Outside, there was no sign on the enclosed patio of a shooting the night before, but the sofas and chairs around a body of water were empty. An official referred a reporter to a company office for comment.
Just off Interstate 610, the restaurant is within sight of the Galleria Mall and two five-star hotels. Darryl O’Neal, a security guard who was not working at the Grotto at the time of the shooting, said on Sunday the restaurant attracted dedicated patrons, out-of-town tourists and families celebrating quinceañeras.
“For something like this to happen was very unexpected,” he said.
AJ Hernandez, who lives nearby, agreed. “You can walk a block or two here and it’s $ 5 million homes,” Hernandez said.
Back home, as news of a cut short life spread, Briscoe’s extended family across NOPD and the Zulu Social Aid & Pleasure Club came together to comfort the widow and the two sons he leaves behind. behind him. Hundreds of people had gathered in and around Zulu’s two buildings at North Broad Street and Orleans Avenue on Sunday evening to pray over the music, and the evening ended with a second line parade.
Briscoe attended Southern University in Baton Rouge and even performed with the school’s world-renowned Human Jukebox Marching Band. He worked as a technician for Cox Communications for a few years before joining NOPD in 2008.
There he worked twice investigating reported crimes in the NOPD 1st District, which includes Treme and Mid-City. These passages were divided by a period of service investigating murders as a detective in the Homicide Investigation Unit, at the forefront of the city’s constant battle against violent crime. Among his accomplishments was a unity citation obtained in 2016.
Ferguson, however, said on Sunday he will be remembered most of Briscoe for helping community leaders organize events for local children.
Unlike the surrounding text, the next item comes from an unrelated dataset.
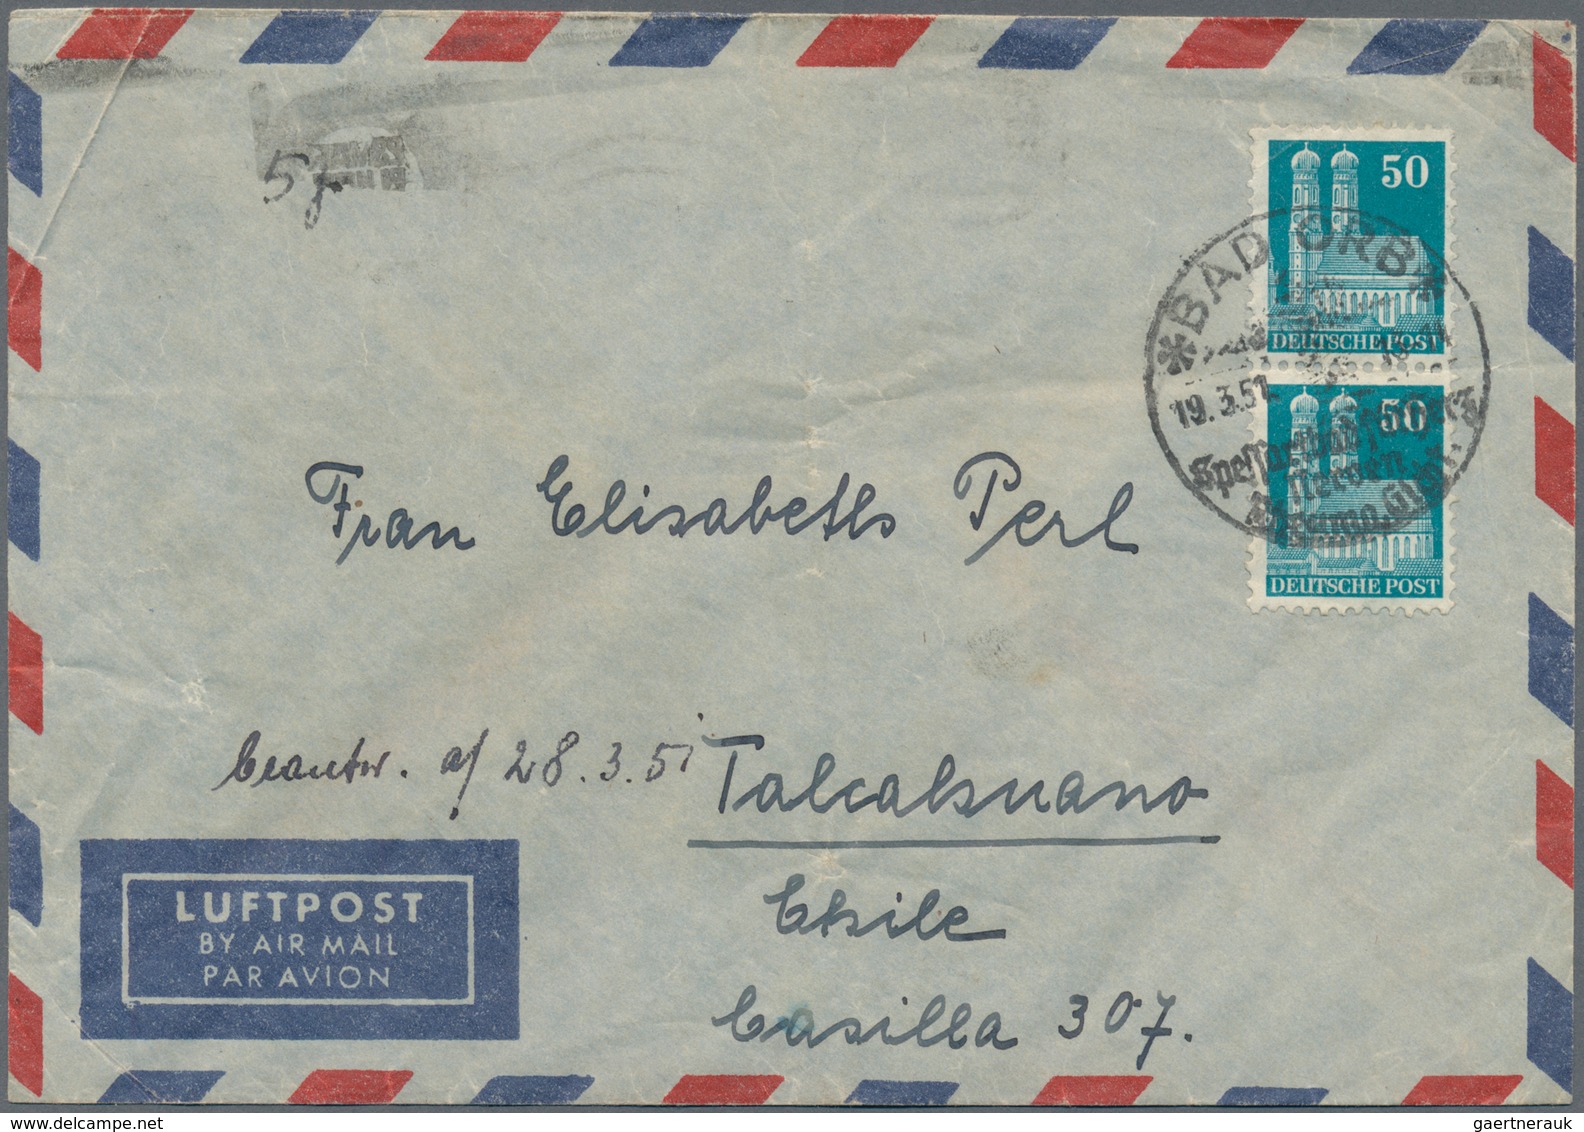 Bundesrepublik Deutschland: 1949/1990, vielseitige Partie von ca. 109 Briefen aus eine Korrespondenz

And he said he would forever keep a simple act of kindness that Briscoe showed him following a hurricane earlier in their careers.
Ferguson, who had been out of power for days, casually remarked that he should have gotten a gasoline generator. Briscoe picked him up from a house the next day, took him to a hardware store to buy a new generator, and brought it to the chef’s home and helped him set it up.
“If you needed it, he would give you the clothes on his back,” Ferguson said, calling the deceased officer a personal friend.
Briscoe had just finalized his coursework for a fall semester at Southern University in New Orleans, and Ferguson said Briscoe had hoped his pursuit of a criminal justice degree would inspire his sons – ages 10 and up. 16 years old – to strive for academic excellence.
Banks, also a Zulu member, shared a heartbreaking conversation he had the night before with Briscoe’s widow Terrell Briscoe, who asked who would teach his sons how to tie their ties now that their father was gone.
“The only answer she wanted to hear is, ‘Everett is going through the door,’” Banks said. “But he’s not.”
“Please pray for her,” he continued. “Please pray for her boys. Please pray for this whole community and this country. “
A New Orleans police officer on leave was killed Saturday night in a double shootout at a Houston restaurant.